Au-delà du manuscrit, quand on part de textes imprimés : • Beaucoup d’incertitudes orthographiques (le scrupule orthographique n’est pas ce qu’il est maintenant) : des formes identiques peuvent être notées différemment, des formes différentes peuvent être notées de la même façon (sans être pour autant homophones) • Il existe parfois plusieurs versions d’une même œuvre, cf. le cas de Jeannot et Thérèse, mais c’est le cas de Lisette quitté laplaine, de la Parabole du Fils prodigue, d’Idylles [et chansons], etc. Certains éléments changent de l’une à l’autre, sans que l’on puisse toujours expliquer ce « type » de variation : variation phonique, variation graphique…
Conscient d’une variation dans la prononciation, un auteur ne peut pas ou ne sait pas trancher : il n’y a pas de « norme »; il représente d’une façon ou d’une autre selon le moment où il écrit, sans qu’il y ait toujours pour nous une raison apparente (parfois on peut penser au rôle de la rime : on écrit « suffir » ou « suffire » ; « temps / tan / tant » : mots objets de nombreuses confusions, d’ailleurs attestées en français, cf. Grévisse…)

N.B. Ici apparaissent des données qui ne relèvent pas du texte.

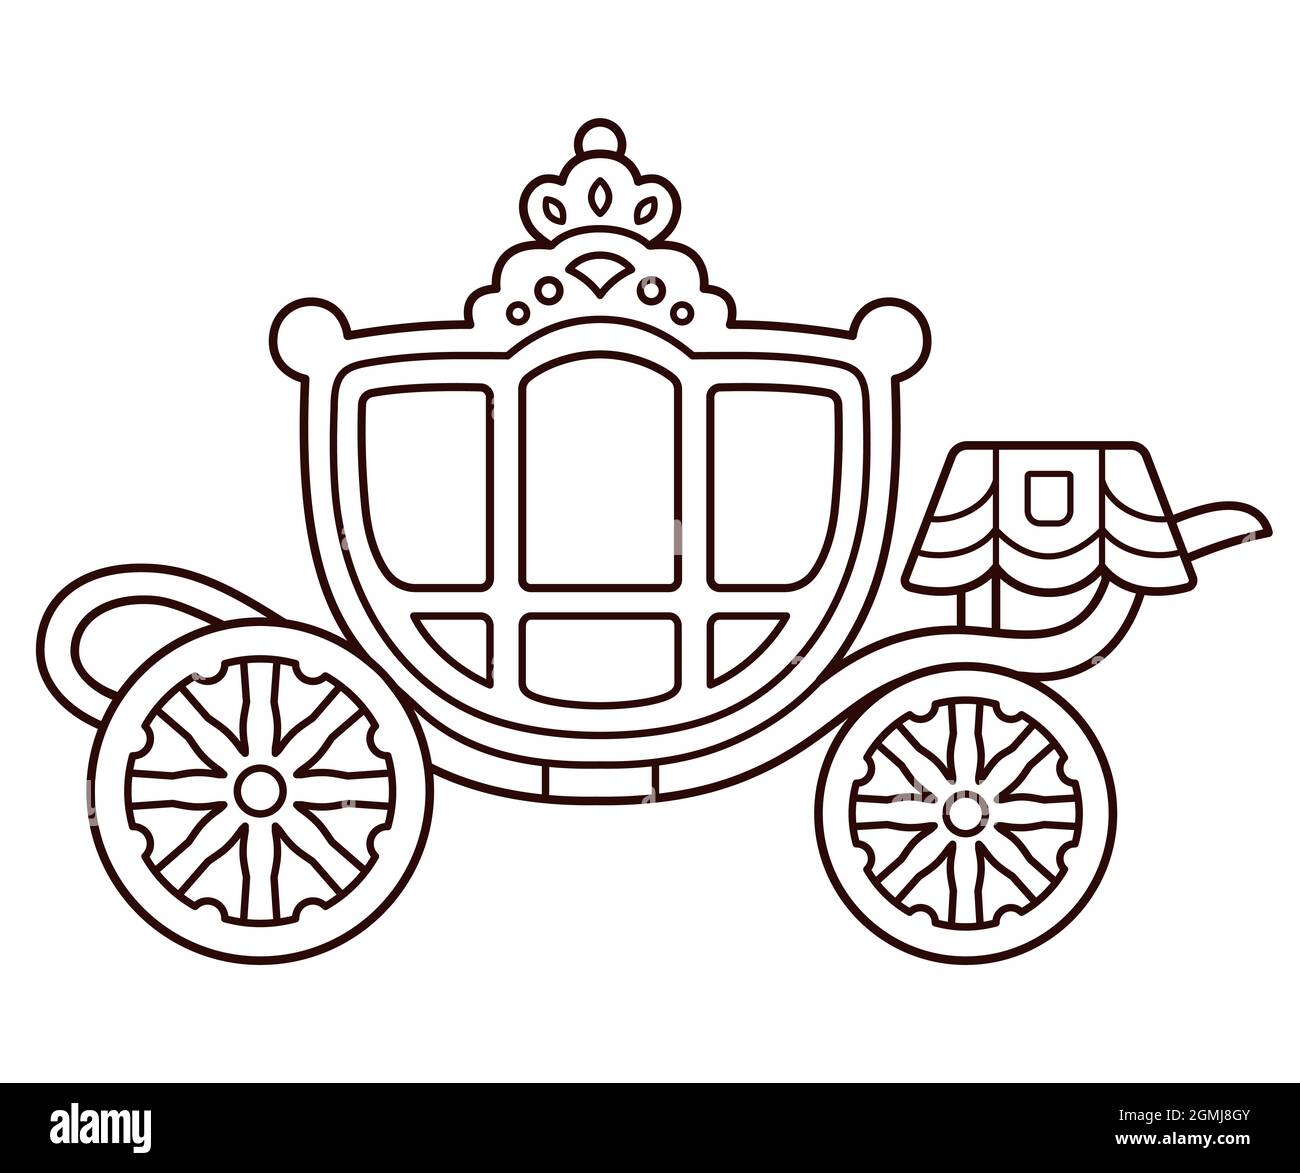 Gouden Koets (Golden Coach) carrozza di famiglia reale olandese. Disegno carino di cartoni animati, disegno di linee bianche e nere per la colorazione. Illustrazione grafica della clip vettoriale. Illustrazione Vettoriale

Le contexte immédiat peut entraîner des différences de prononciation, et éventuellement des différences de représentation mais pas toujours. Ainsi dans Idylles, l’auteur note un phénomène de variation contextuelle vraisemblable : té t’ devant voyelle. Dans les créoles contemporain de la Caraïbe : de nombreuses répartitions contextuelles : cf. moin vwè-(l)i [vwèy] ; moin bat-li [batli]). • Autre ex. : li tou / moin itou. (XVIIIe siècle) • Comme on ne prononce pas toujours de la même façon (énonciation plus ou moins rapide), les auteurs représentent ou non cette variation contextuelle (influence aussi du nombre des syllabes résultantes dans les poèmes). • Pas d’assurance dans la coupe des mots : la ri/la rue/lari/laru (source supplémentaire de variation) : variation d’ailleurs non signifiante dans ce cas : la représentation des mots du lexique est particulièrement mouvante.
Conclusion Noter que c’est le plus souvent à travers les comparaisons, les rapprochements multiples de textes nombreux que l’on peut conclure et assurer l’analyse. Si les connaissances que nous avons des français populaires du XVIIe-XVIIIe siècle nous aident pour découvrir et expliquer les créoles, les connaissances de plus en plus décisives que nous développons en matière de langues créoles, nous renseignent aussi pour notre connaissance du français oral et populaire ancien. Les indices ne manquent pas pour nous aider à opérer un certain nombre de reconstructions probables (et utiles pour faciliter de plus amples découvertes), à condition de savoir les analyser et les interpréter…
Ex désormais classique de « Compère Guilleri / te lairras-tu mourri ? » qui explique l’absence de « r » prononcé dans les verbes du 2e groupe en créole de la Caraïbe. La datation du passage à « mwa » dans les campagnes de l’Ouest, considérée comme bien plus tardive qu’à la Cour et dans la région parisienne, est confirmée par les formes attestées dans les créoles : moé/moin.
Alors : • Rechercher des textes nombreux, sans négliger les versions diverses, les retranscriptions, les rééditions... • Analyser systématiquement les textes : aspects historiques, étude du contexte, approche comparative sérieuse des diverses variétés… • Travailler d’abord en système bien avant de tenter des rapprochements (toujours aventurés) avec d’autres langues (cf. principes de Meillet).